在kafka/config/目录下面有3个配置文件：

producer.properties 生产者配置

consumer.properties 消费者配置

server.properties kafka服务器的配置

kafka的配置分为 broker（server.properties）、producter（producer.properties）、consumer（consumer.properties）3个不同的配置

一 BROKER 的全局配置

最为核心的三个配置 broker.id、log.dir、zookeeper.connect 。

------------------------------------------- 系统 相关 -------------------------------------------
##每一个broker在集群中的唯一标示，要求是正数。在改变IP地址，不改变broker.id的话不会影响consumers
broker.id =1
 
##kafka数据的存放地址，多个地址的话用逗号分割 /tmp/kafka-logs-1，/tmp/kafka-logs-2
log.dirs = /tmp/kafka-logs
 
##提供给客户端响应的端口
port =6667
 
##消息体的最大大小，单位是字节
message.max.bytes =1000000
 
## broker 处理消息的最大线程数，一般情况下不需要去修改
num.network.threads =3
 
## broker处理磁盘IO 的线程数 ，数值应该大于你的硬盘数
num.io.threads =8
 
## 一些后台任务处理的线程数，例如过期消息文件的删除等，一般情况下不需要去做修改
background.threads =4
 
## 等待IO线程处理的请求队列最大数，若是等待IO的请求超过这个数值，那么会停止接受外部消息，算是一种自我保护机制
queued.max.requests =500
 
##broker的主机地址，若是设置了，那么会绑定到这个地址上，若是没有，会绑定到所有的接口上，并将其中之一发送到ZK，一般不设置
host.name
 
## 打广告的地址，若是设置的话，会提供给producers, consumers,其他broker连接，具体如何使用还未深究
advertised.host.name
 
## 广告地址端口，必须不同于port中的设置
advertised.port
 
## socket的发送缓冲区，socket的调优参数SO_SNDBUFF
socket.send.buffer.bytes =100*1024
 
## socket的接受缓冲区，socket的调优参数SO_RCVBUFF
socket.receive.buffer.bytes =100*1024
 
## socket请求的最大数值，防止serverOOM，message.max.bytes必然要小于socket.request.max.bytes，会被topic创建时的指定参数覆盖
socket.request.max.bytes =100*1024*1024
 
------------------------------------------- LOG 相关 -------------------------------------------
## topic的分区是以一堆segment文件存储的，这个控制每个segment的大小，会被topic创建时的指定参数覆盖
log.segment.bytes =1024*1024*1024
 
## 这个参数会在日志segment没有达到log.segment.bytes设置的大小，也会强制新建一个segment 会被 topic创建时的指定参数覆盖
log.roll.hours =24*7
 
## 日志清理策略 选择有：delete和compact 主要针对过期数据的处理，或是日志文件达到限制的额度，会被 topic创建时的指定参数覆盖
log.cleanup.policy = delete
 
## 数据存储的最大时间 超过这个时间 会根据log.cleanup.policy设置的策略处理数据，也就是消费端能够多久去消费数据
## log.retention.bytes和log.retention.minutes任意一个达到要求，都会执行删除，会被topic创建时的指定参数覆盖
log.retention.minutes=7days

指定日志每隔多久检查看是否可以被删除，默认1分钟
log.cleanup.interval.mins=1
 
## topic每个分区的最大文件大小，一个topic的大小限制 = 分区数*log.retention.bytes 。
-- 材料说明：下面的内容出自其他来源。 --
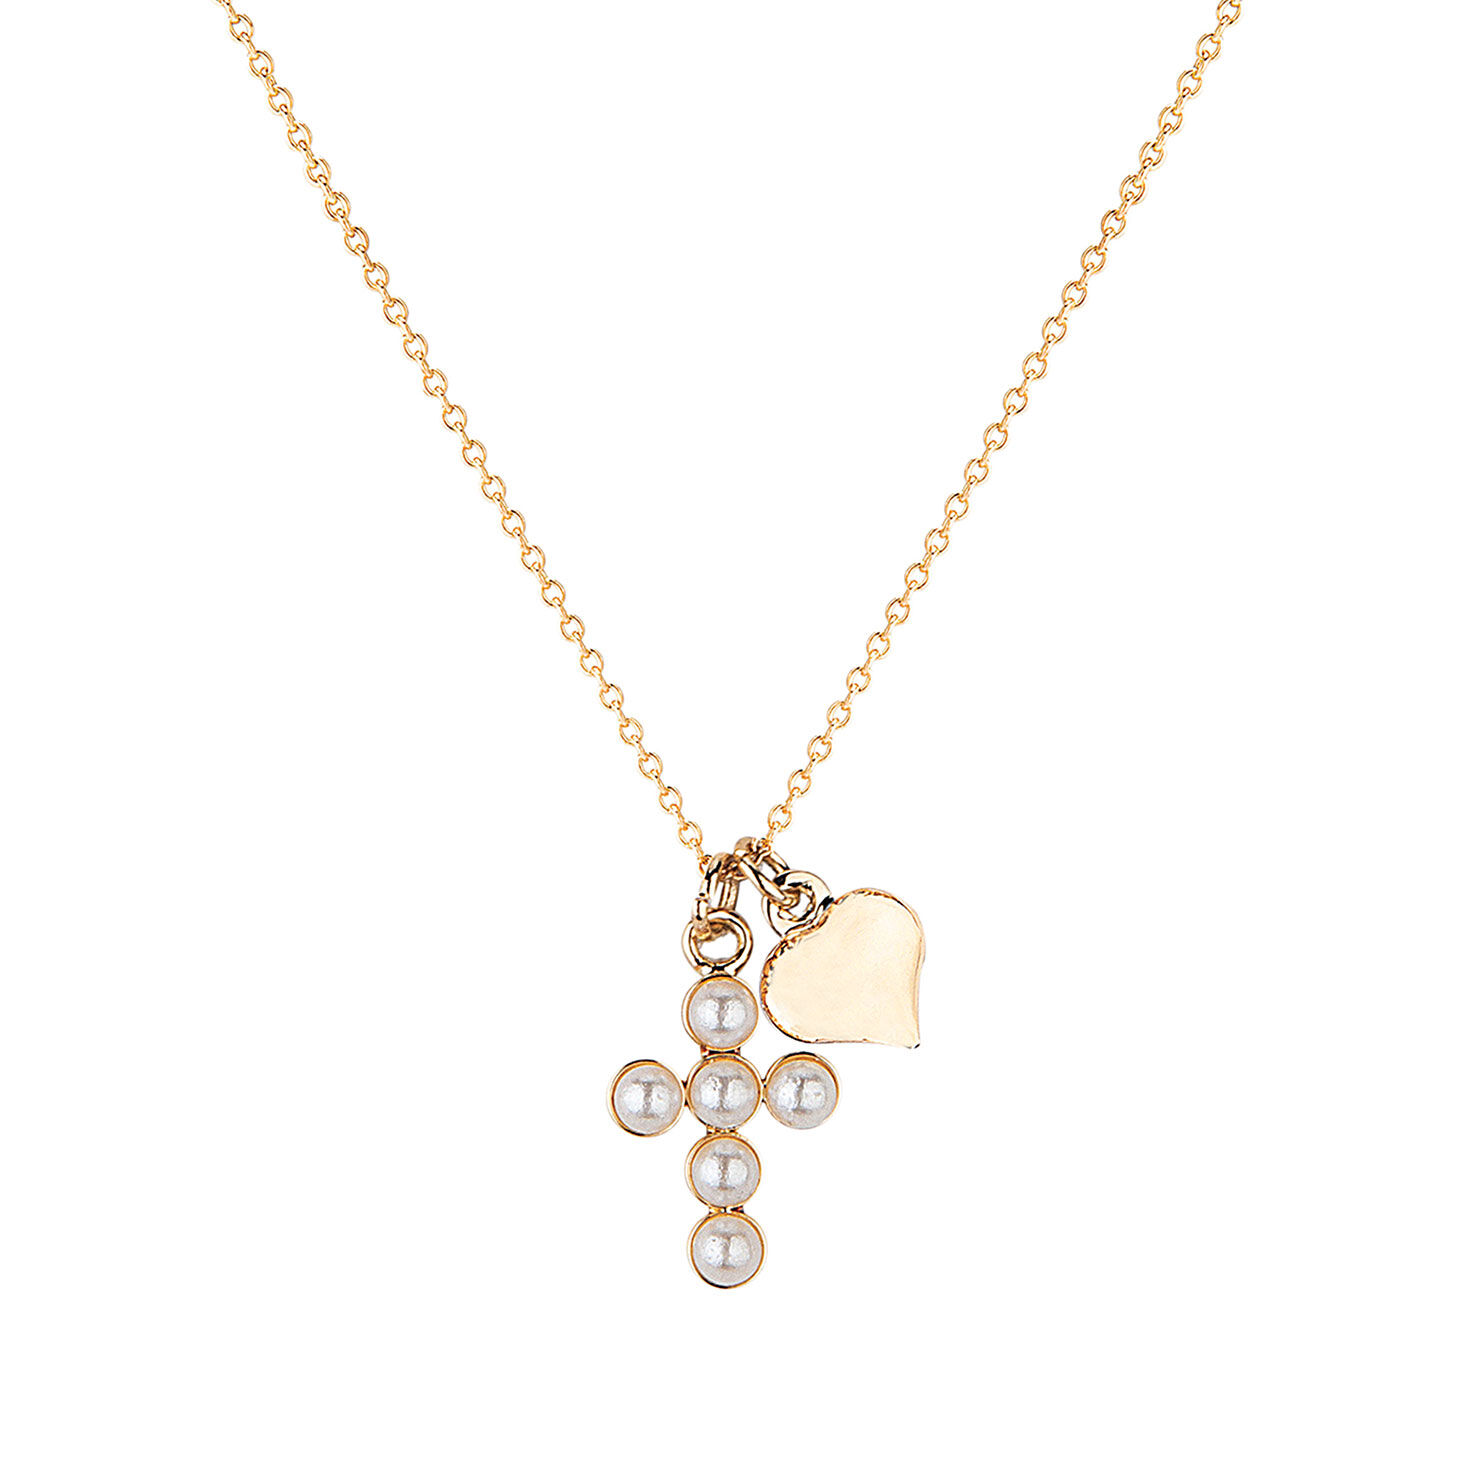 Antique Gold Necklace/Gold choker Necklace/ Floral necklace/indian cho |  Erajewels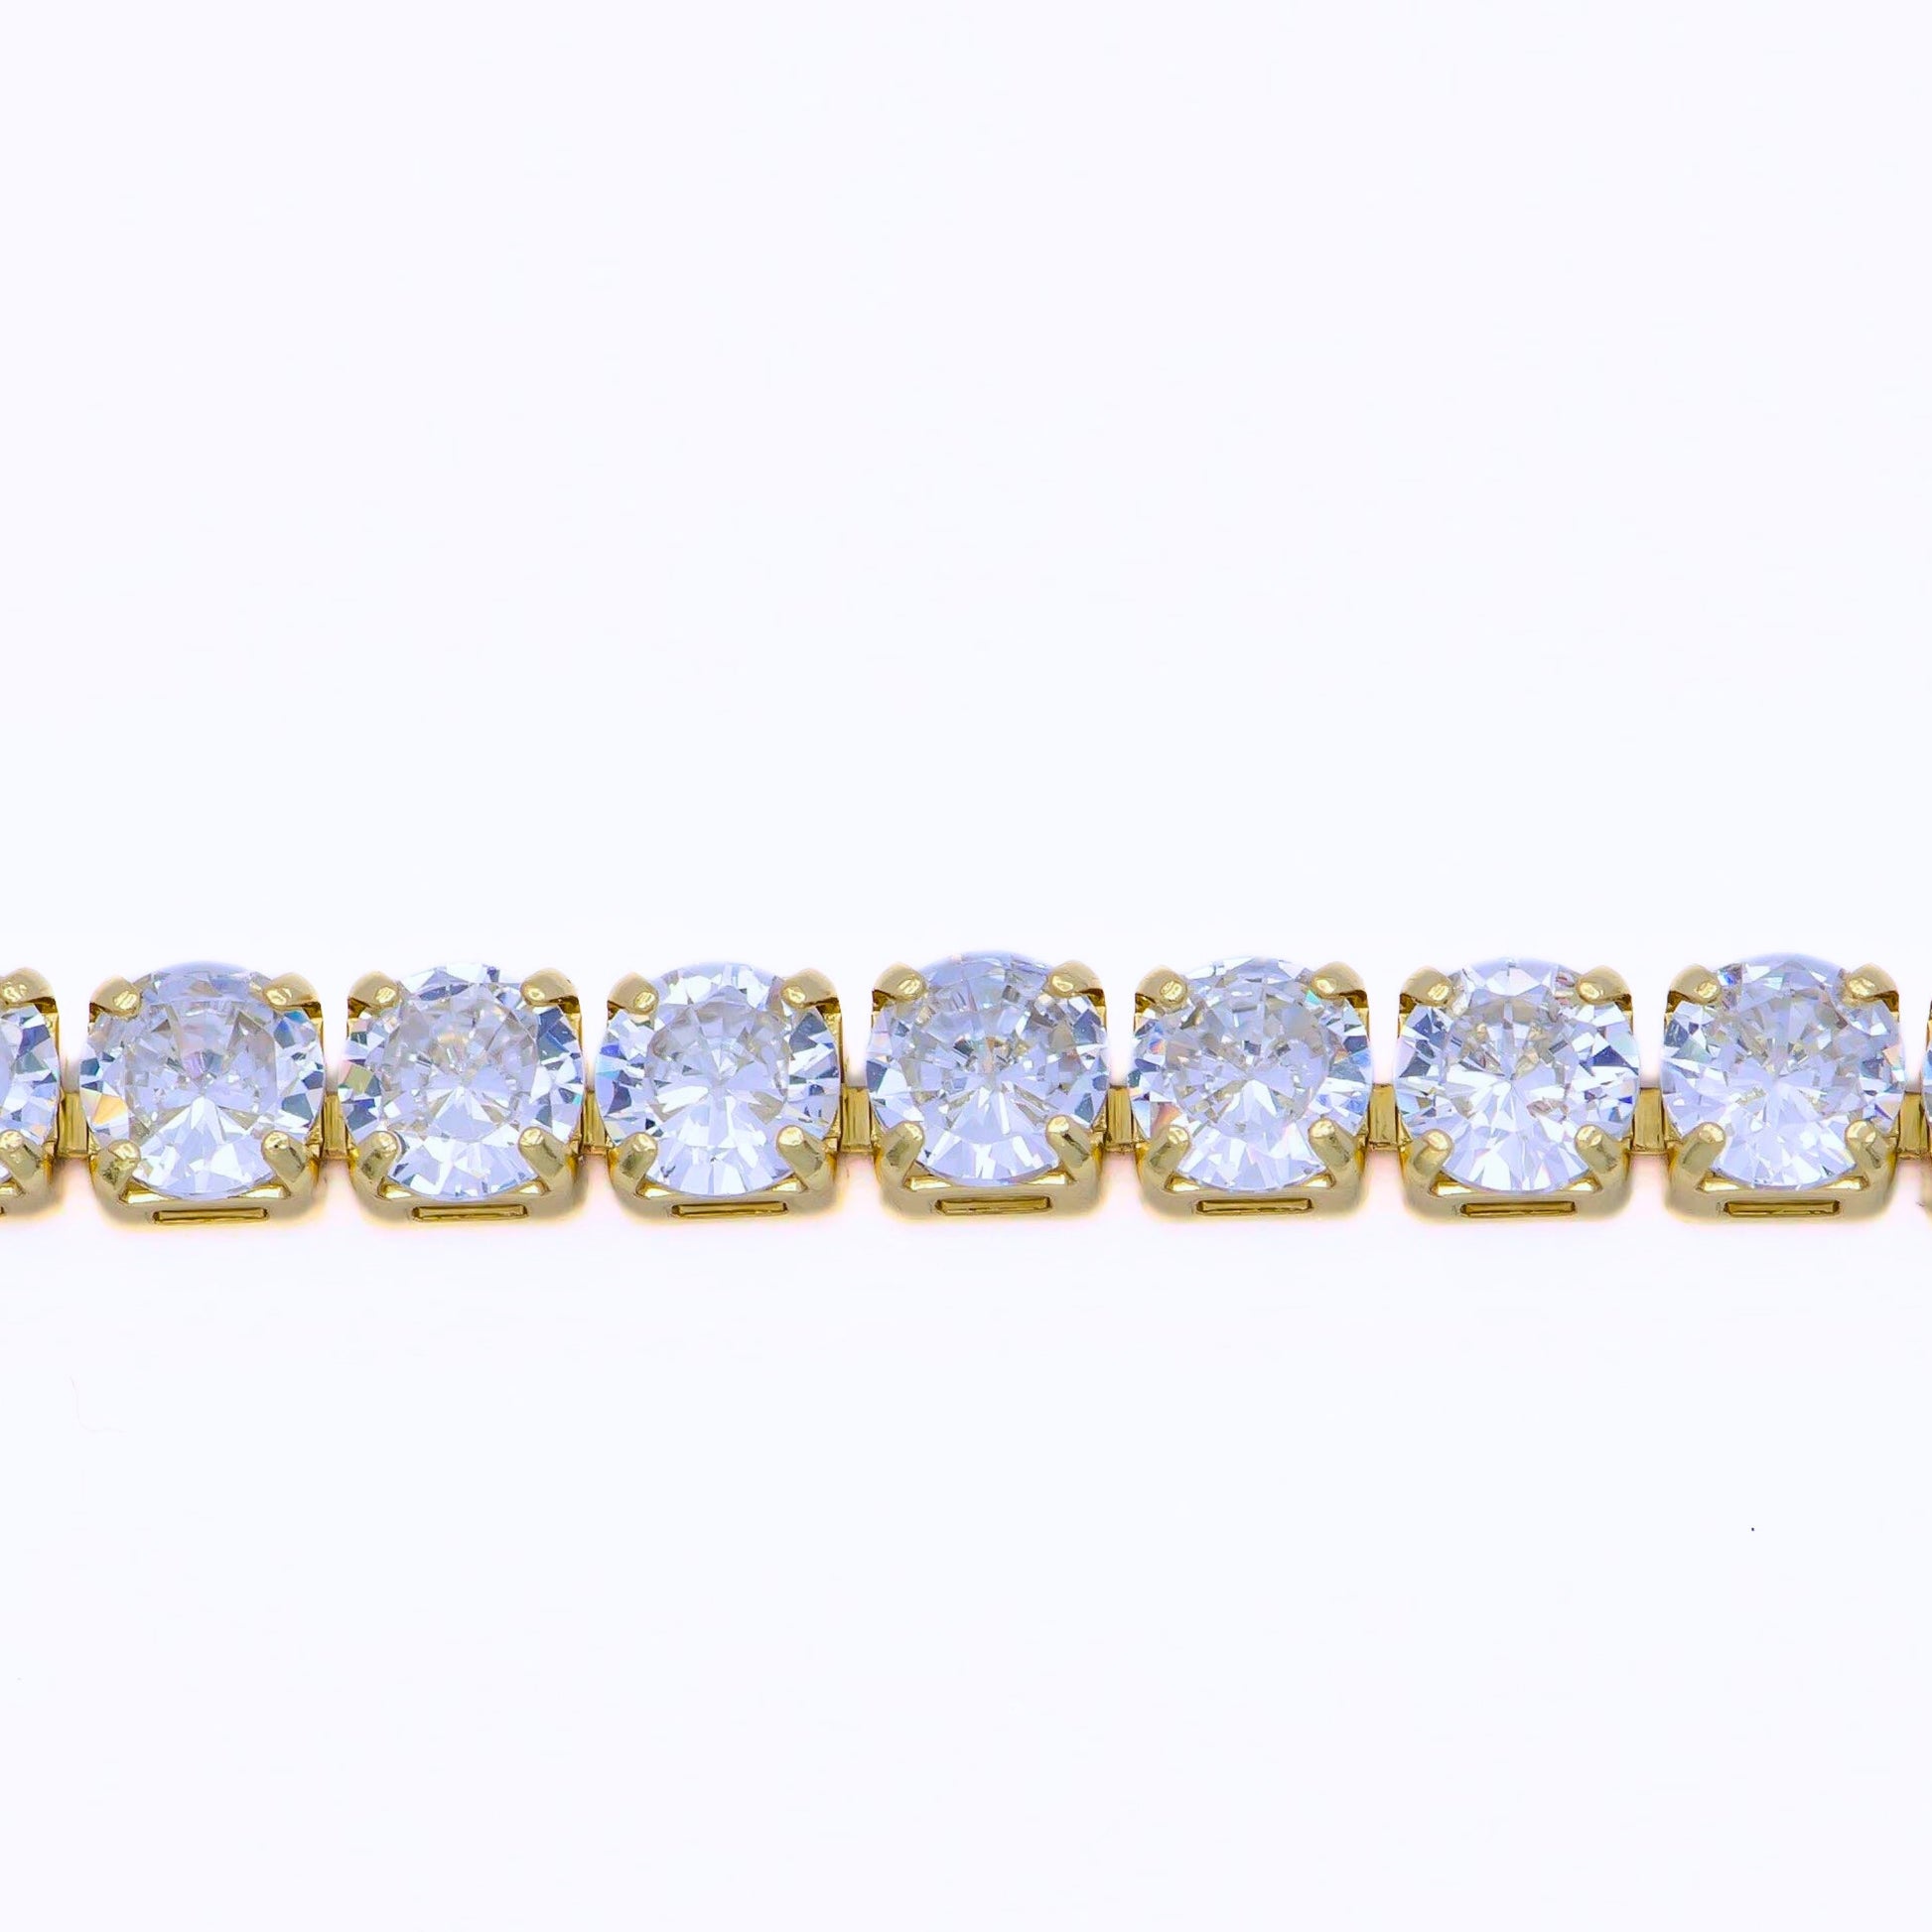 a yellow gold tennis bracelet with a row of CZ diamonds

-1没有大小限制
## log.retention.bytes和log.retention.minutes任意一个达到要求，都会执行删除，会被topic创建时的指定参数覆盖
log.retention.bytes=-1
 
## 文件大小检查的周期时间，是否处罚 log.cleanup.policy中设置的策略
log.retention.check.interval.ms=5minutes
 
## 是否开启日志压缩
log.cleaner.enable=false
 
## 日志压缩运行的线程数
log.cleaner.threads =1
 
## 日志压缩时候处理的最大大小
log.cleaner.io.max.bytes.per.second=None
 
## 日志压缩去重时候的缓存空间 ，在空间允许的情况下，越大越好
log.cleaner.dedupe.buffer.size=500*1024*1024
 
## 日志清理时候用到的IO块大小 一般不需要修改
log.cleaner.io.buffer.size=512*1024
 
## 日志清理中hash表的扩大因子 一般不需要修改
log.cleaner.io.buffer.load.factor =0.9
 
## 检查是否处罚日志清理的间隔
log.cleaner.backoff.ms =15000
 
## 日志清理的频率控制，越大意味着更高效的清理，同时会存在一些空间上的浪费，会被topic创建时的指定参数覆盖
log.cleaner.min.cleanable.ratio=0.5
 
## 对于压缩的日志保留的最长时间，也是客户端消费消息的最长时间，同log.retention.minutes的区别在于一个控制未压缩数据，一个控制压缩后的数据。会被topic创建时的指定参数覆盖
log.cleaner.delete.retention.ms =1day
 
## 对于segment日志的索引文件大小限制，会被topic创建时的指定参数覆盖
log.index.size.max.bytes =10*1024*1024
 
## 当执行一个fetch操作后，需要一定的空间来扫描最近的offset大小，设置越大，代表扫描速度越快，但是也更好内存，一般情况下不需要搭理这个参数
log.index.interval.bytes =4096
 
## log文件"sync"到磁盘之前累积的消息条数
## 因为磁盘IO操作是一个慢操作,但又是一个"数据可靠性"的必要手段
## 所以此参数的设置,需要在"数据可靠性"与"性能"之间做必要的权衡.
## 如果此值过大,将会导致每次"fsync"的时间较长(IO阻塞)
## 如果此值过小,将会导致"fsync"的次数较多,这也意味着整体的client请求有一定的延迟.
## 物理server故障,将会导致没有fsync的消息丢失.
log.flush.interval.messages=None
 
## 检查是否需要固化到硬盘的时间间隔
log.flush.scheduler.interval.ms =3000
 
## 仅仅通过interval来控制消息的磁盘写入时机,是不足的.
## 此参数用于控制"fsync"的时间间隔,如果消息量始终没有达到阀值,但是离上一次磁盘同步的时间间隔
## 达到阀值,也将触发.
log.flush.interval.ms = None
 
## 文件在索引中清除后保留的时间 一般不需要去修改
log.delete.delay.ms =60000
 
## 控制上次固化硬盘的时间点，以便于数据恢复 一般不需要去修改
log.flush.offset.checkpoint.interval.ms =60000
 
------------------------------------------- TOPIC 相关 -------------------------------------------
## 是否允许自动创建topic ，若是false，就需要通过命令创建topic
auto.create.topics.enable =true
 
## 一个topic ，默认分区的replication个数 ，不得大于集群中broker的个数
default.replication.factor =1
 
## 每个topic的分区个数，若是在topic创建时候没有指定的话 会被topic创建时的指定参数覆盖
num.partitions =1
 
实例 --replication-factor3--partitions1--topic replicated-topic ：名称replicated-topic有一个分区，分区被复制到三个broker上。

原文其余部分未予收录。